Without, therefore, wishing or presuming to give an opinion on the general question of the best form of legislative body, I may say that, under the peculiar circumstances of these colonies, I should most strenuously recommend the adoption of a Second or Upper Chamber.
When we consider the elements of which society is here composed, - when we see the low estimate that is placed upon everything which can distinguish a man from his fellows, with the sole exception of wealth, - when we see that even wealth does not lead to distinction, or open the road to any other ambition than that of excelling in habits of self-indulgence, --- it can hardly be subject of surprise that so few are found who rise above the general level, or that those few owe more to the possession of a certain oratorical facility than to their powers of mind or the justness of the opinions which they advocate.
The broad plain of equality, as in America, receives the whole of the community, and though there are many who would gladly avail themselves of any opportunity of raising themselves above the general level, yet here, as in America, any attempt to do so would be frustrated by the jealousy of the remainder of the community.
Your Lordship can hardly form an idea of the character of the population of these colonies.
It is usual to assume that colonies are off-shoots from the parent stock, containing in themselves the germs of all the elements of which society in the mother country is composed.
This can only be said of any colony with many reservations, but it cannot be said of these colonies with any appearance of justice or truth.
There is an essentially democratic spirit which actuates the large mass of the community; and it is with the view to check the development of this spirit, of preventing its coming into operation, that I would suggest the formation of an Upper Chamber.
The members of this, call it senate or what you may, will be raised in some measure above the general level of society, - they will be rendered independent of popular blame or approbation, but, being also free from the suspicion of acting under the control of the Government, they will conciliate popular feeling, and hold a fair position between the Executive and the Legislature. 
I do not presume to enter into any detail of the mode in which such an assembly should be constituted, further than to express an opinion that the Government should have as little as possible to do in the nomination or selection of the members.
There must, of course, be some ex-officio representatives of the Government in the House.

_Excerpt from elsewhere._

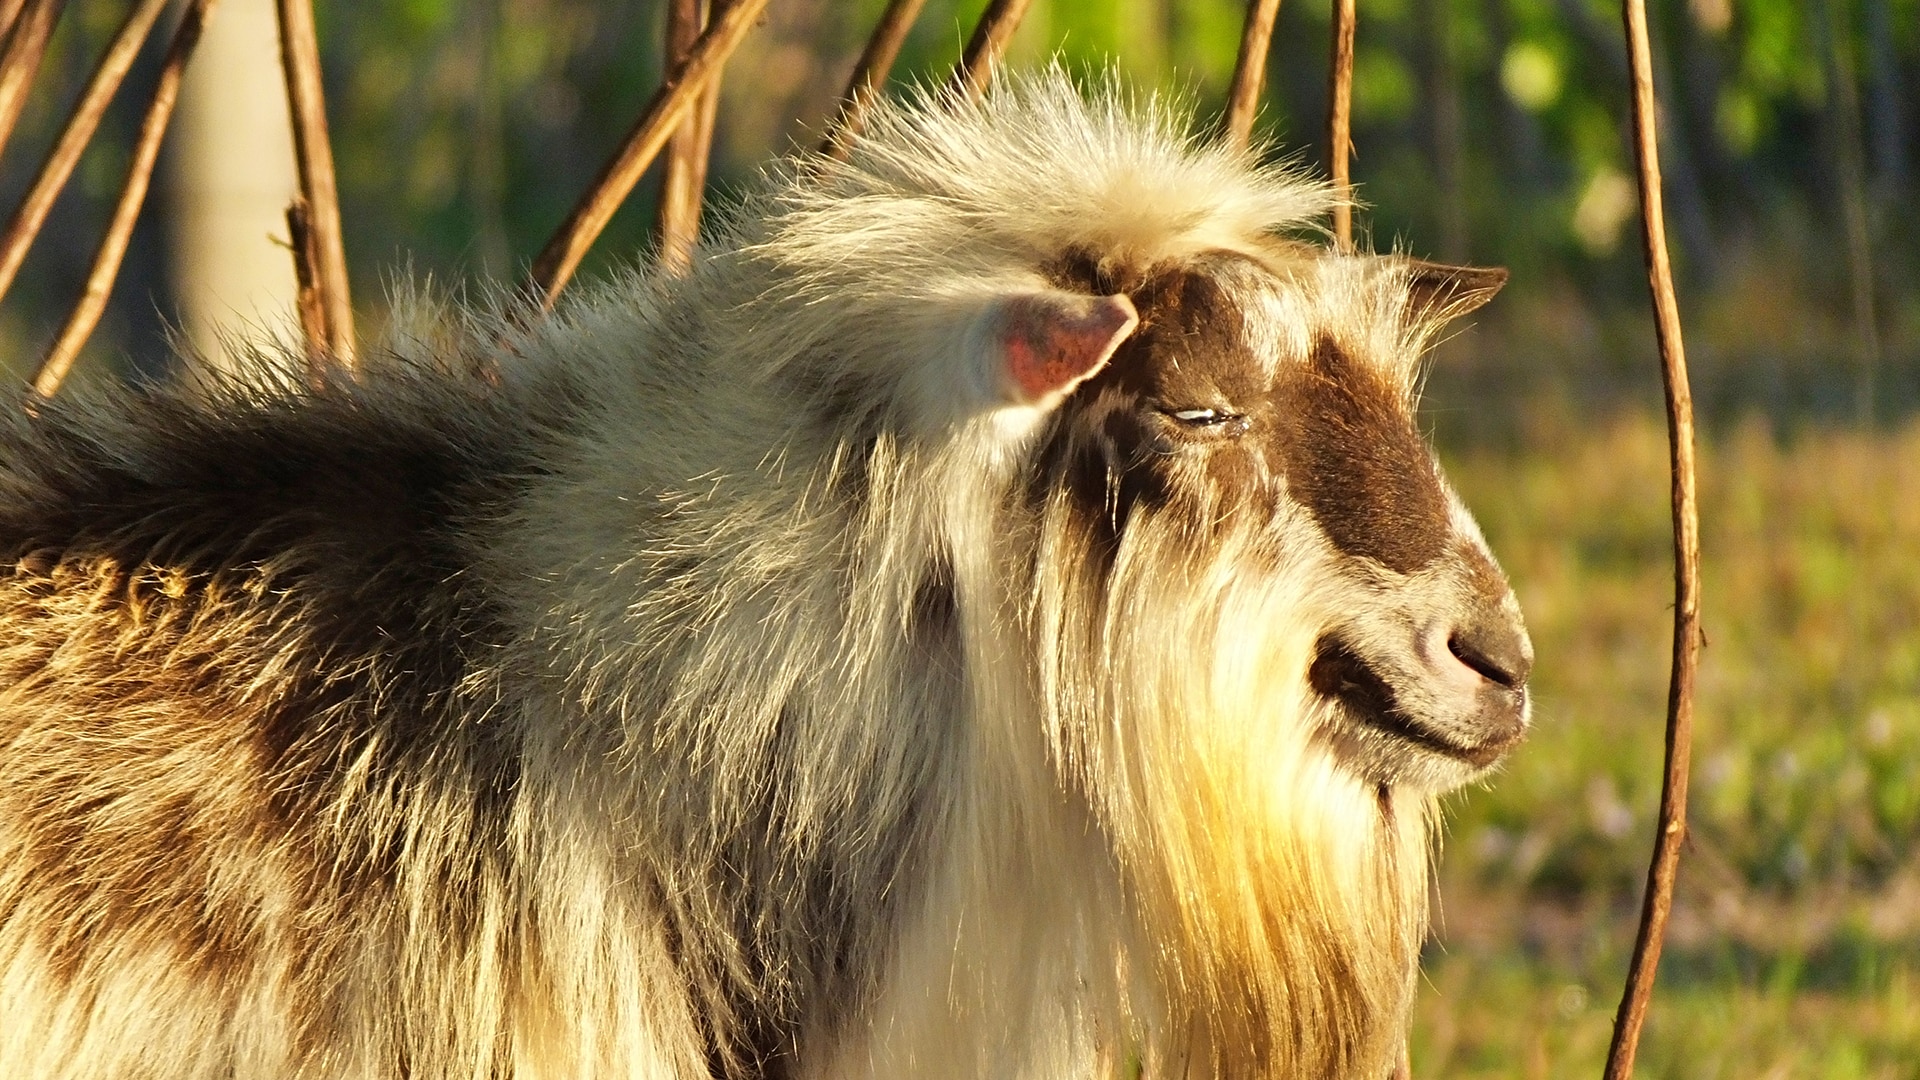 Profile of a Tennessee Fainting Goat in a Florida field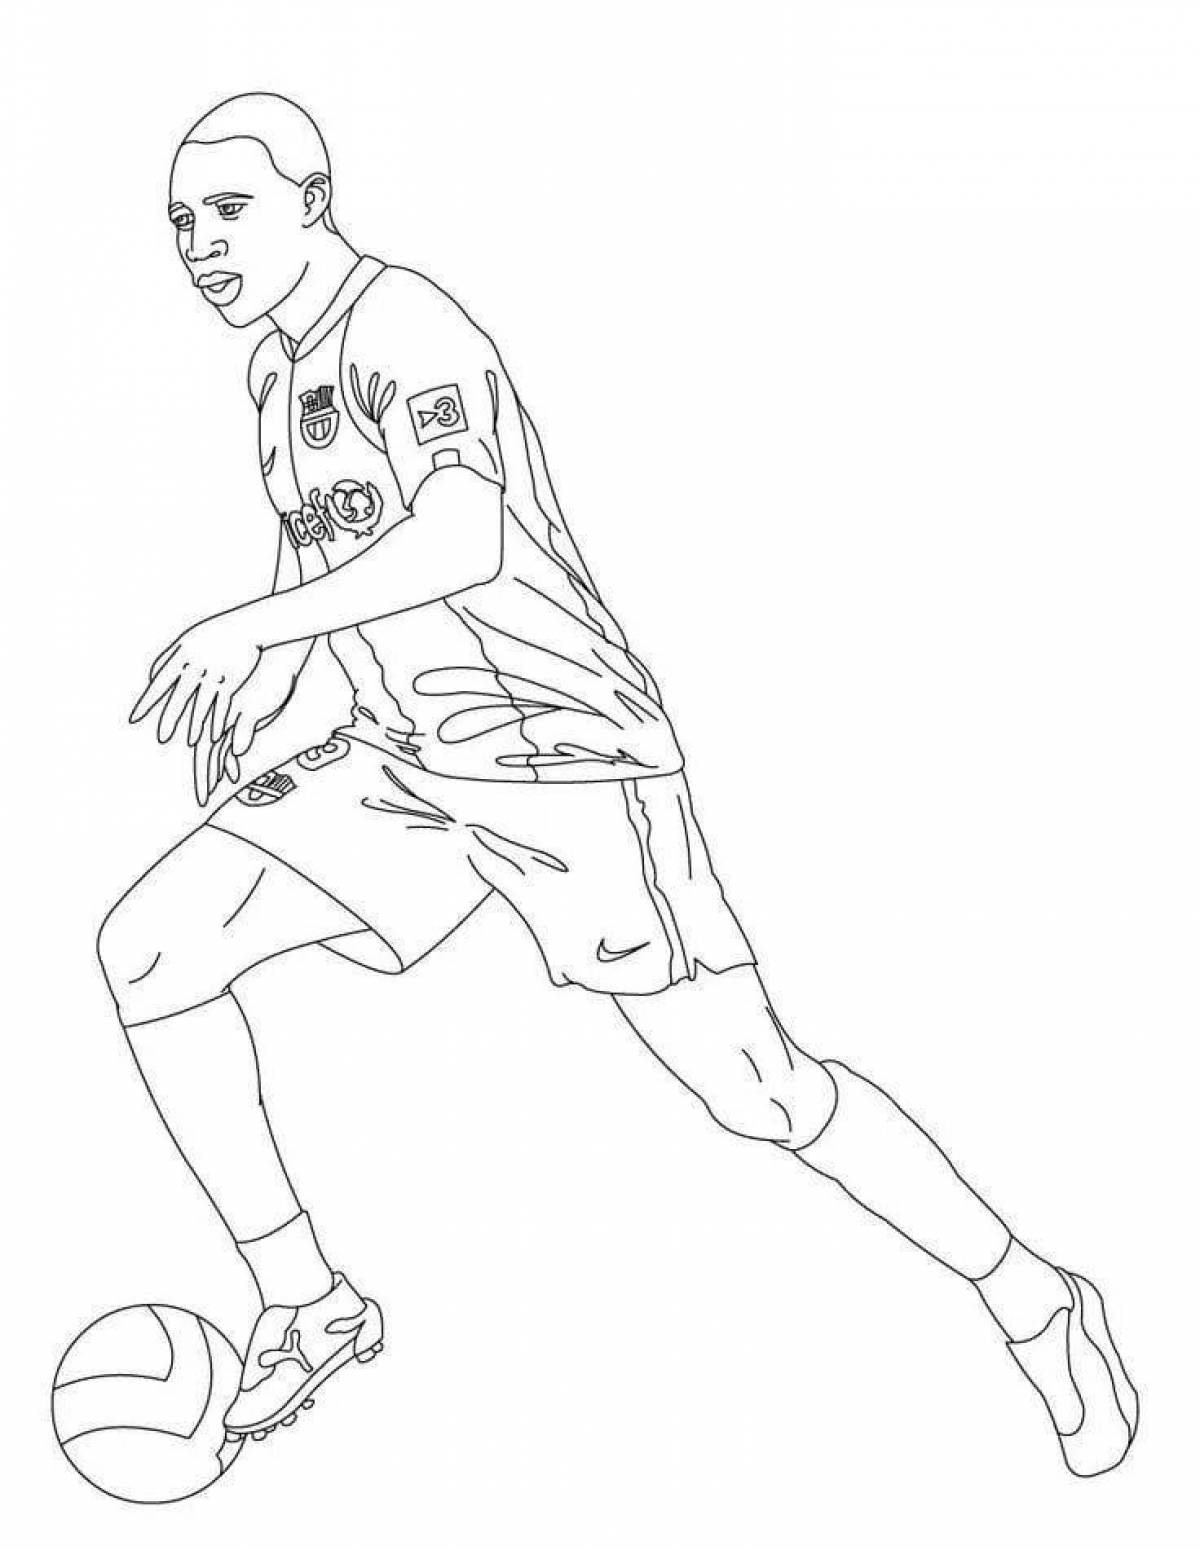 Animated soccer player coloring page

The bishops of the Church of England and Rome might sit as representatives of the ecclesiastical bodies; but as the object with which I advocate the establishment of a second chamber, is more that of operating morally upon the body of the community, than of facilitating generally the operations of the Executive Government, I should be loth to recommend the adoption of a plan which might in any way neutralize the beneficial action of such a body upon the mass of the people.
I also think that, in order to render the members perfectly independent of either the Government or the people, they should be appointed or elected for life.
Trusting that your Lordship will not be of opinion that, in offering these suggestions, I have in any way exceeded the limits imposed upon me by my position in this colony.